B07 — Polysemanticity
Section titled “B07 — Polysemanticity”This framework asks: does a circuit component serve a single interpretable role, or does it superpose multiple unrelated computations?
Polysemanticity — a single neuron or direction encoding multiple unrelated features — is the central obstacle to clean circuit explanations. If a head identified as “the name mover” also implements unrelated computations for other tasks, then its role in the circuit is not cleanly separable from its other functions. Measuring polysemanticity quantifies this threat: highly monosemantic components support clean circuit narratives; highly polysemantic components suggest the circuit boundary cuts through superposed representations.
This instrument connects structural analysis (what directions exist in a component) to intervention specificity (does intervening on one claimed function affect others). It operationalizes the question: is the circuit description a faithful decomposition, or is it projecting clean narratives onto a messier underlying computation?
Theoretical grounding
Section titled “Theoretical grounding”| Source | Year | Key contribution |
|---|---|---|
| Elhage et al., “Toy Models of Superposition” | 2022 | Mathematical framework for feature superposition |
| Bricken et al., “Towards Monosemanticity” | 2023 | SAE decomposition revealing polysemantic neurons |
| Cunningham et al., arXiv 2309.08600 | 2023 | Sparse autoencoders for monosemantic feature extraction |
| Templeton et al., “Scaling Monosemanticity” | 2024 | Feature splitting and polysemanticity at scale |
| Marks et al., arXiv 2403.19647 | 2024 | Sparse feature circuits and intervention specificity |
Core concept
Section titled “Core concept”A component is polysemantic if it activates for multiple unrelated input classes. Formally, let ( a(x) ) be the activation of component ( c ) on input ( x ), and let ( T_1, T_2 ) be two unrelated task distributions. Component ( c ) is polysemantic if:
[ \mathbb{E}{x \sim T_1}[|a(x)|] > \epsilon \quad \text{and} \quad \mathbb{E}{x \sim T_2}[|a(x)|] > \epsilon ]

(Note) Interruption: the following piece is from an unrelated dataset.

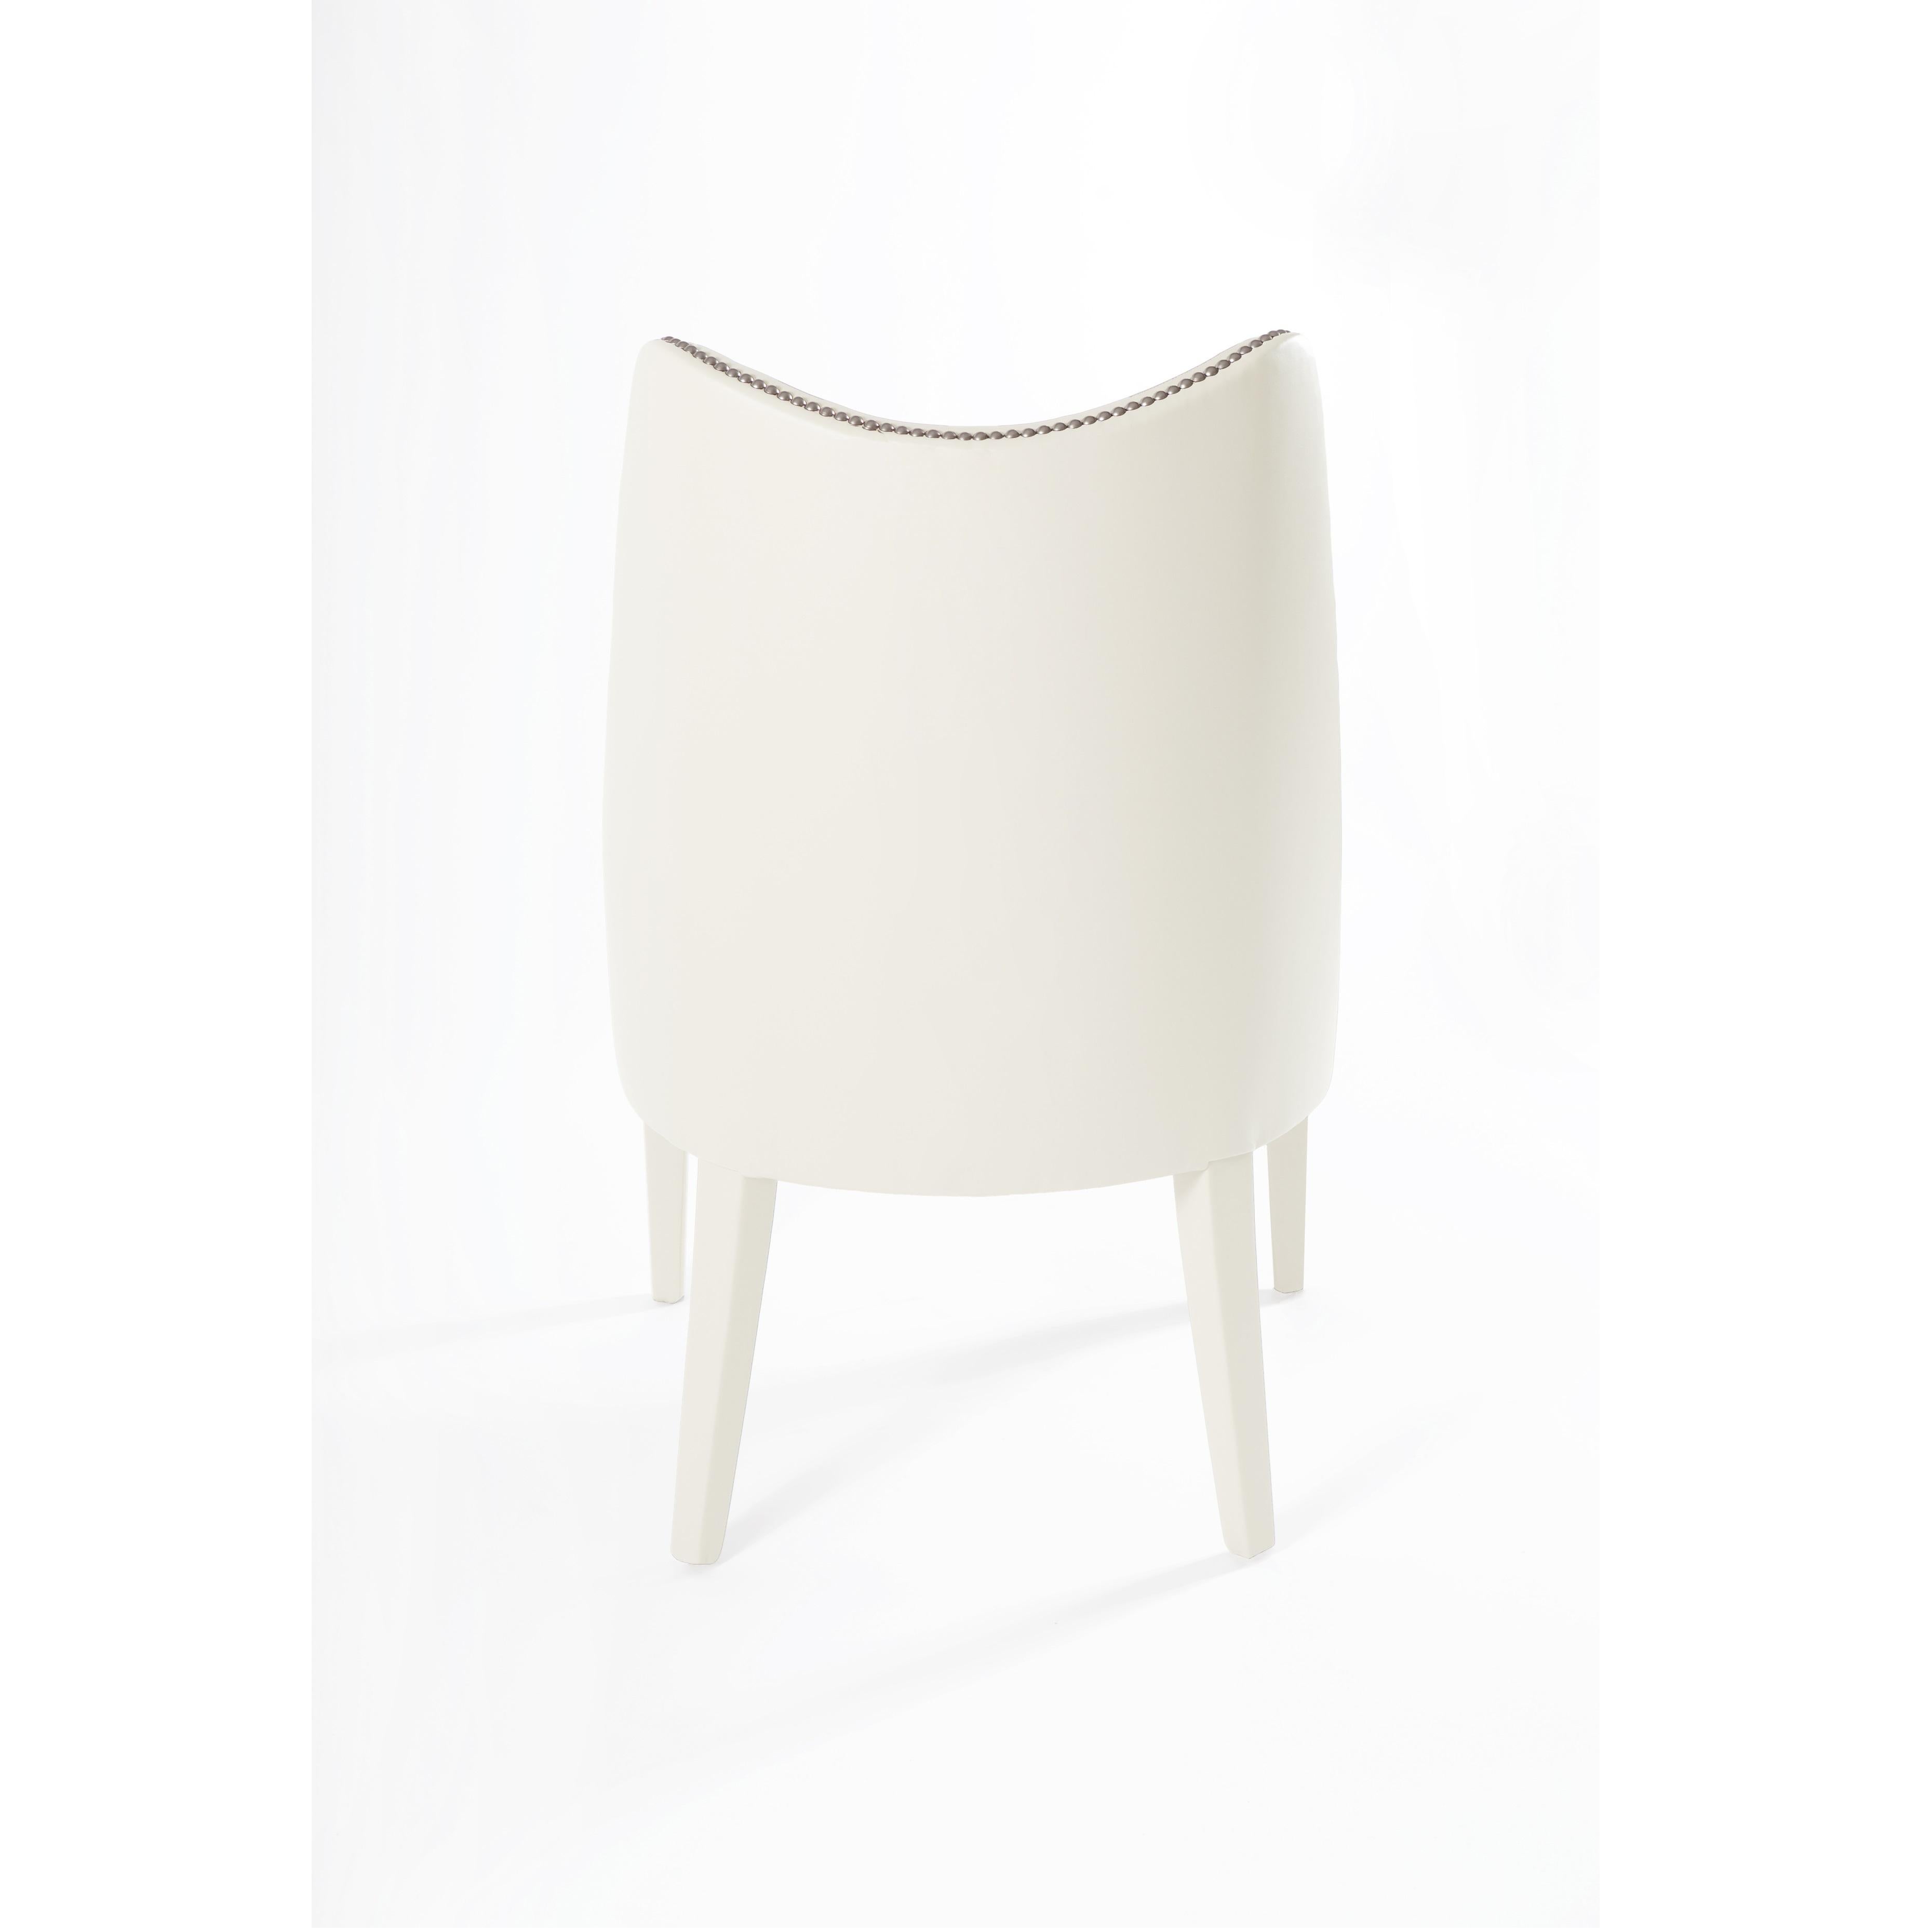 Modern Contemporary Velvet Dining Chair Offered With Nails On The Curve & Back For Sale

while ( T_1 ) and ( T_2 ) share no semantic overlap. Intervention specificity provides a causal test: intervene on the component for task ( T_1 ) and measure the effect on task ( T_2 ):
[ \text{specificity}(c, T_1, T_2) = 1 - \frac{|\Delta \text{perf}(T_2)|}{|\Delta \text{perf}(T_1)|} ]
High specificity (near 1) means the component is monosemantic for ( T_1 ); low specificity means intervention leaks into ( T_2 ).
Instruments under B07
Section titled “Instruments under B07”Intervention Specificity (25_intervention_specificity.py)

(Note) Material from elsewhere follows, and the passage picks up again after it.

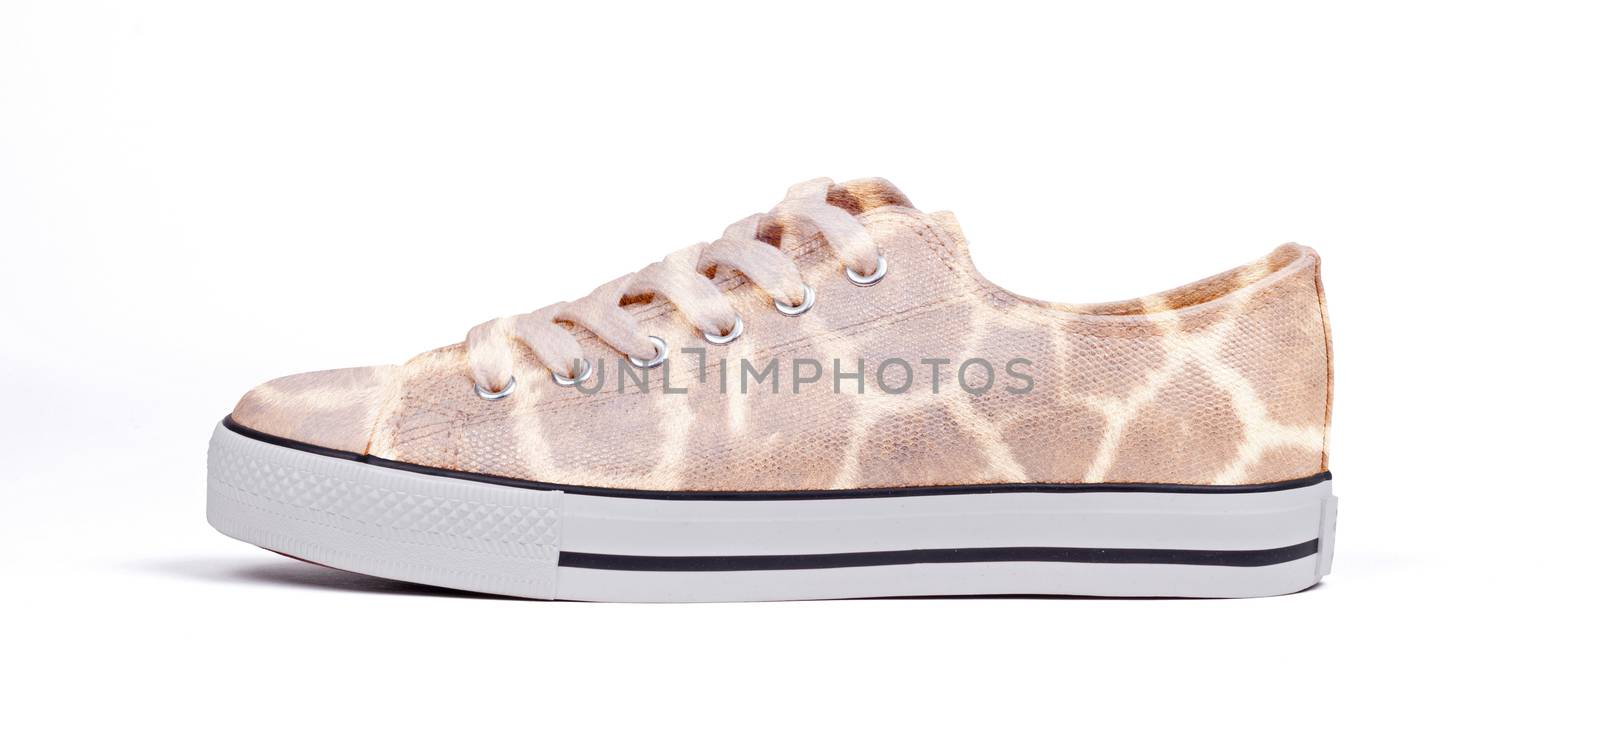 Shoe isolated on white background - Wild life print by michaklootwijk

Section titled “Intervention Specificity (25_intervention_specificity.py)”For each circuit component, ablates it while measuring performance on both the target task and a set of control tasks. Reports: (1) per-component specificity scores, (2) mean circuit specificity, (3) identification of the most polysemantic components.
What it establishes: Whether circuit components are functionally dedicated to the target task or serve multiple tasks simultaneously.
What it does not establish: The identity of superposed features — that requires SAE decomposition or other feature-finding methods.
Usage:
uv run python 25_intervention_specificity.py --tasks ioi svaReading the scores
Section titled “Reading the scores”| Pattern | What it means |
|---|---|
| High specificity (> 0.8) for all circuit components | Circuit is cleanly separable — monosemantic for this task |
| Low specificity (< 0.5) for key components | Critical components serve multiple functions — superposition threat |
| Specificity varies across circuit components | Mixed circuit — some components dedicated, others shared |
| Low specificity correlates with high effective rank (B02) | Structural evidence of superposition confirmed by functional test |
Connection to other frameworks
Section titled “Connection to other frameworks”Polysemanticity connects B02 (effective rank) to causal findings: high effective rank (B02) suggests capacity for multiple features, and B07 tests whether that capacity is actually used for multiple tasks. It also connects to B08 (ICA/NMF): source separation methods attempt to resolve polysemanticity by finding independent components within a superposed representation. The causal instruments in A01 provide the intervention; B07 adds the cross-task measurement to assess specificity.